GENType: a U.S. molecular surveillance designation for each unique combination of spoligotyping and 24-locus MIRU-VNTR analysis results. GENType is designated as a G followed by 5 digits, which are assigned sequentially to every genotype identified in the United States (e.g., G00017).
geospatial concentration: a measure of how concentrated a genotype is in time and space. It indicates that recent transmission might have occurred, because patients with isolates having the same genotype and who reside closer to each other are more likely to have come in contact with each other. TB GIMS uses the log-likelihood ratio (LLR) to generate a statistical measure of geospatial concentration of a given TB genotype for purposes of cluster detection and alerting.

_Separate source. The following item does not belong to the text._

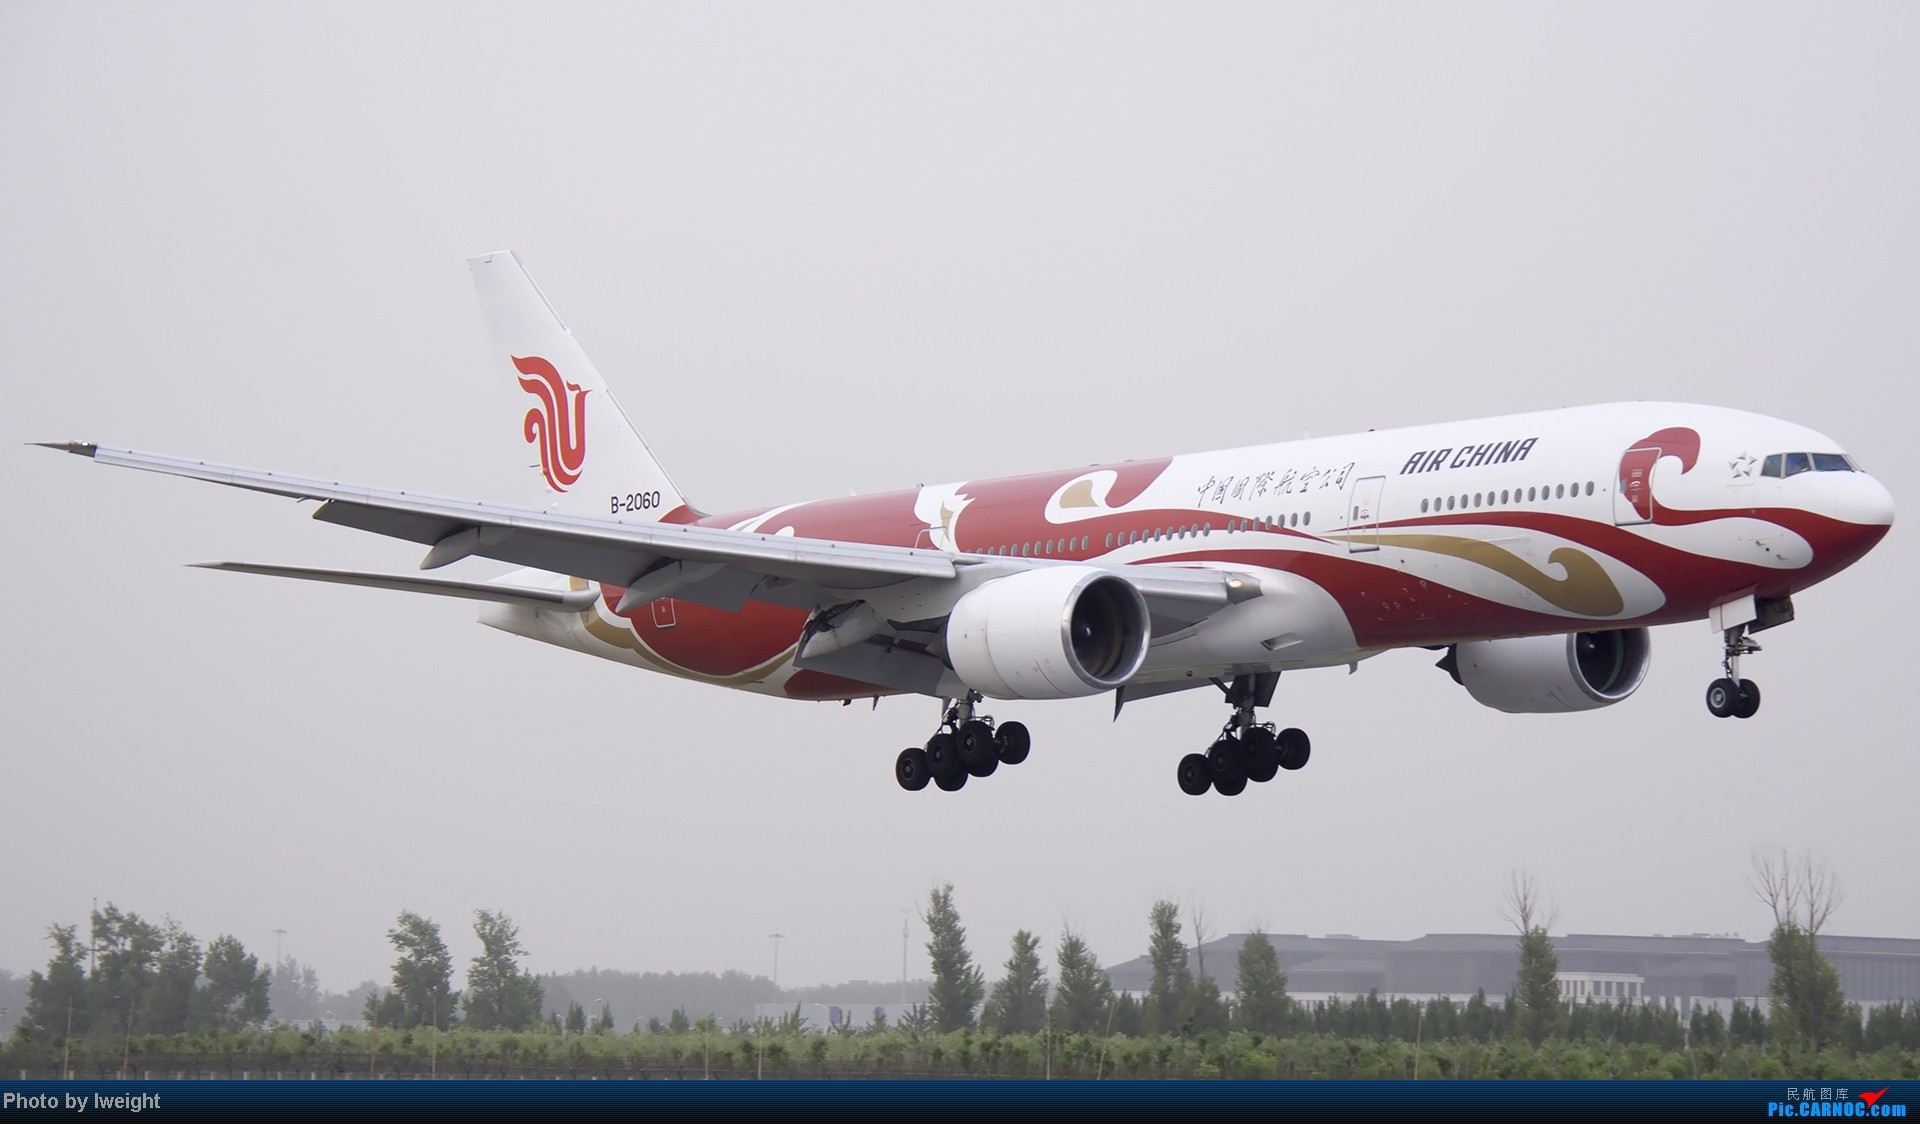 Re:[原创]霾天首都机场随拍 BOEING 777-200 B-2060 中国北京首都机场

linking: the process of connecting genotyping results in TB GIMS with a corresponding TB case reported to NTSS. This process is essential for ensuring that demographic, risk factor, and geographic data can be viewed in TB GIMS for genotype clusters.
log-likelihood ratio (LLR): a measure of the geographic concentration of a specific genotype in a county, compared with the national distribution of that same genotype, throughout a 3-year period. A higher LLR indicates that the genotype has geospatial clustering within the county, which might indicate recent transmission of Mycobacterium tuberculosis.
mycobacterial interspersed repetitive unit–variable number tandem repeat (MIRU-VTNR): a polymerase chain reaction (PCR)-based assay used for genotyping. National Tuberculosis Genotyping Service (NTGS) performed 24-locus MIRU-VNTR analysis on every isolate submitted for genotyping until 2018; the National Tuberculosis Molecular Surveillance Center succeeded NTGS and continued MIRU-VNTR until July 2022. Before 2009, 12-locus MIRU-VNTR was performed. MIRU-VTNR distinguishes Mycobacterium tuberculosis strains by the difference in the number of copies of tandem repeats at specific regions, or loci, of the Mycobacterium tuberculosis genome.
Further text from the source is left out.